Trump similarly delighted Israelis — while appalling other world powers — by recognizing Jerusalem as their capital and withdrawing from the 2015 Iran nuclear deal.
“Trump is a great friend of Israel,” Netanyahu said.
“He has torn the mask off this hypocrisy which doesn’t recognize the obvious.”
“Thank you PM @Netanyahu and the State of Israel for this great honor!” Trump said on Twitter.
‘Dummy resolution’
Israeli authorities hope a revamping of Beruchim, home to an aging immigrant community from the former Soviet Union, to “Trump Heights” might bring an influx of residents, and Netanyahu called the day historic.
But a June 12 memorandum from his office showed the plan was far from implementation: it lacks earmarked funds as well as final approval for its precise location and name.

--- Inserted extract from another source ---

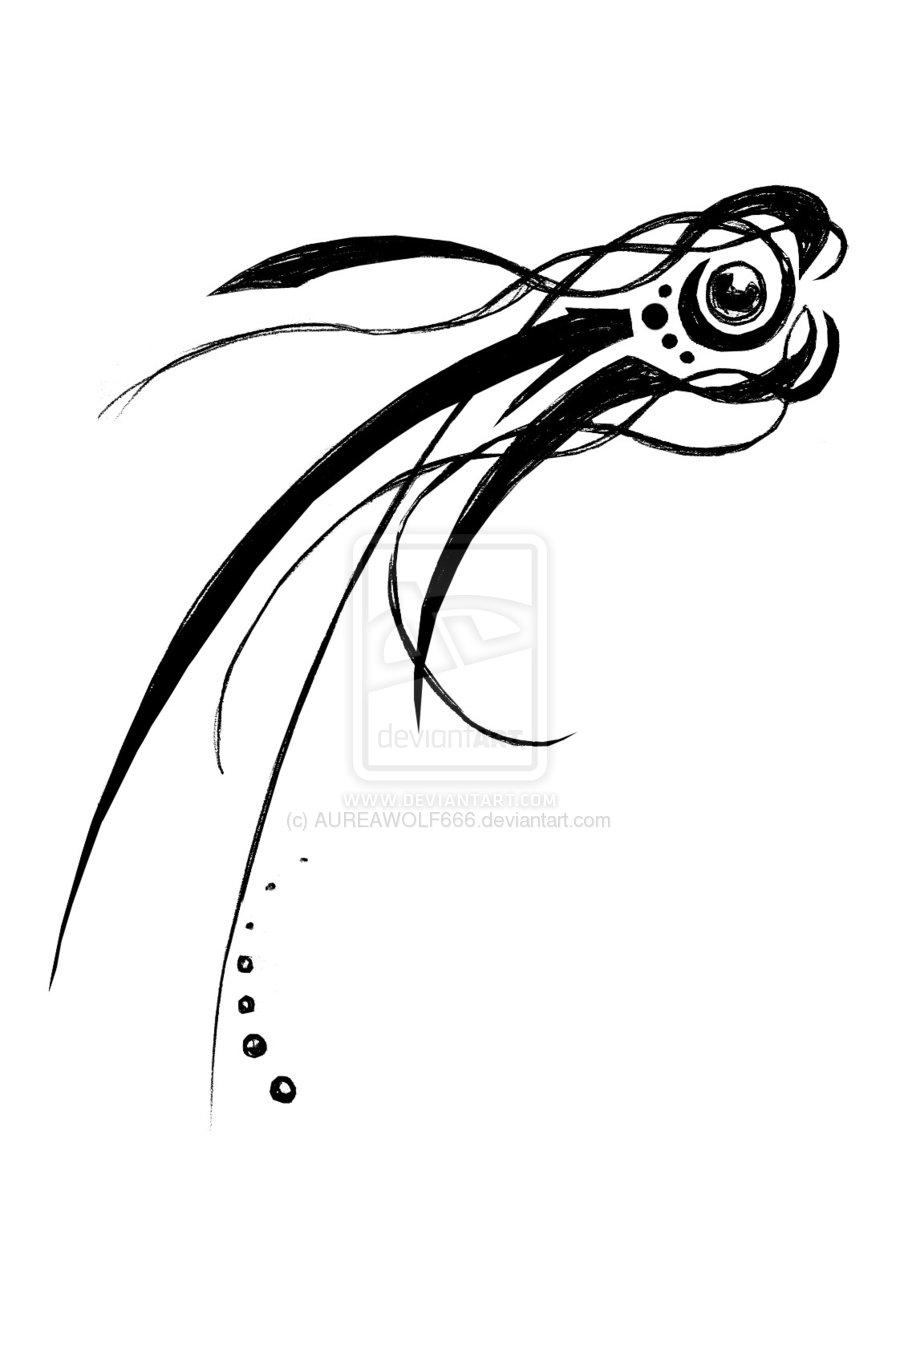 900x1345 Cadong Tattoo Gallery Little Bird Tattoo Old School Mic Shure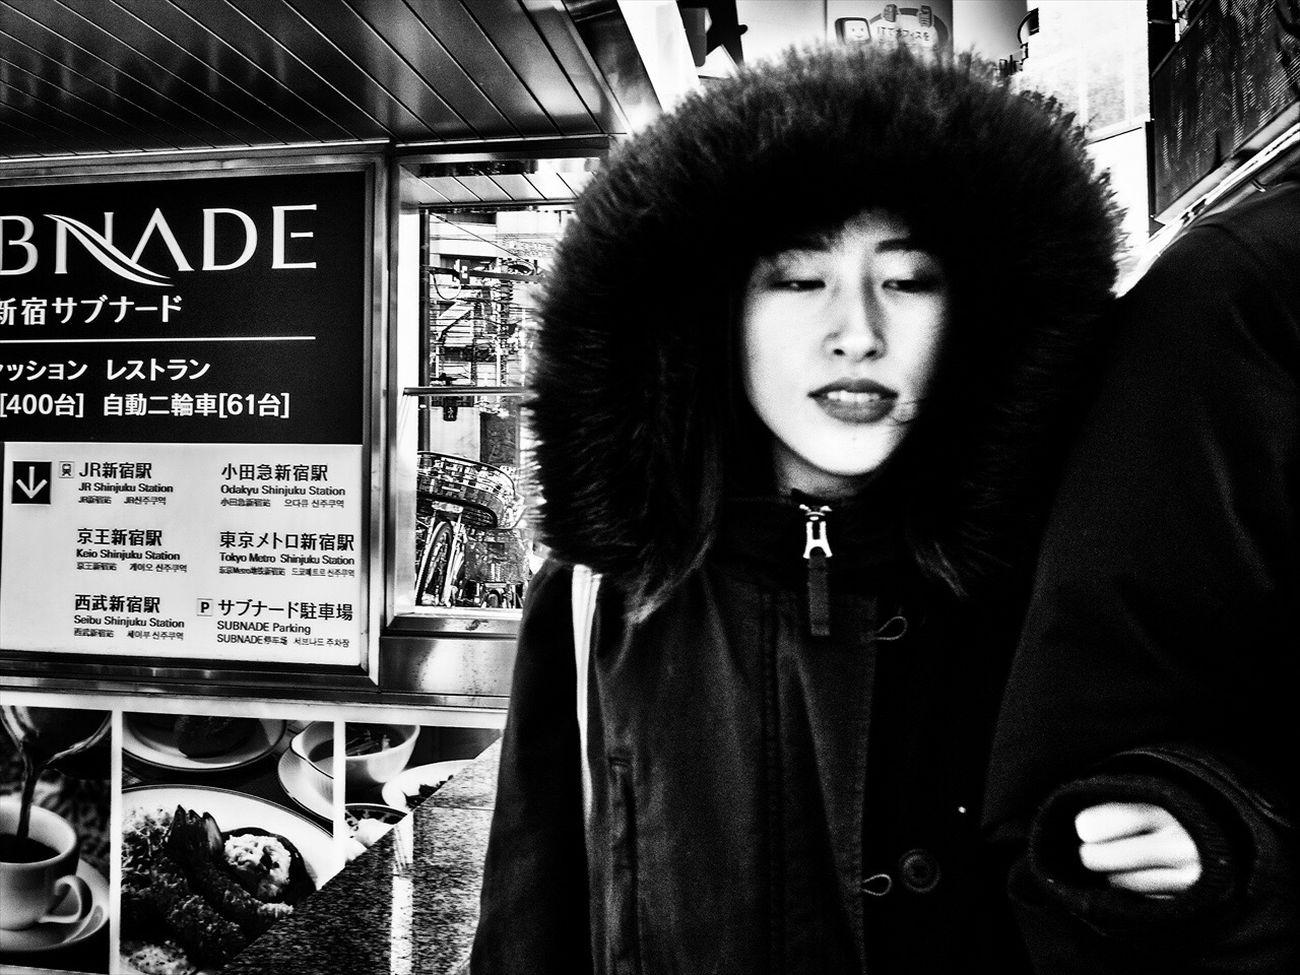 Street Streetphotographers SHINJYUKU Streetphotographer Streetphoto_bw Streetphoto Shibuya Tokyo Streetphotography Sting_the_street

“In this (cabinet) resolution, it is proposed that the name of the community, if it is founded, be ‘Trump Heights,'” said the memorandum, signed by a deputy legal counselor, Yael Cohen.
The hesitancy was in part due to the fact that Netanyahu heads a caretaker government, having failed to form a coalition after an inconclusive national election in April. The conservative four-term premier must now contest a Sept. 17 re-run vote.
Netanyahu’s center-left rivals ridiculed Sunday’s ceremony.
“Whoever reads the small print on the ‘historic’ resolution understands that it is a dummy resolution,” tweeted Zvi Hauser, an ex-Netanyahu cabinet secretary now with an opposition party.
The political upheaval appears to have put a spanner in the works of a long-awaited US proposal for Israeli-Palestinian peace.
Trump advisers had predicted the plan would be made public this month, but officials now say that is unlikely to happen until after the September election.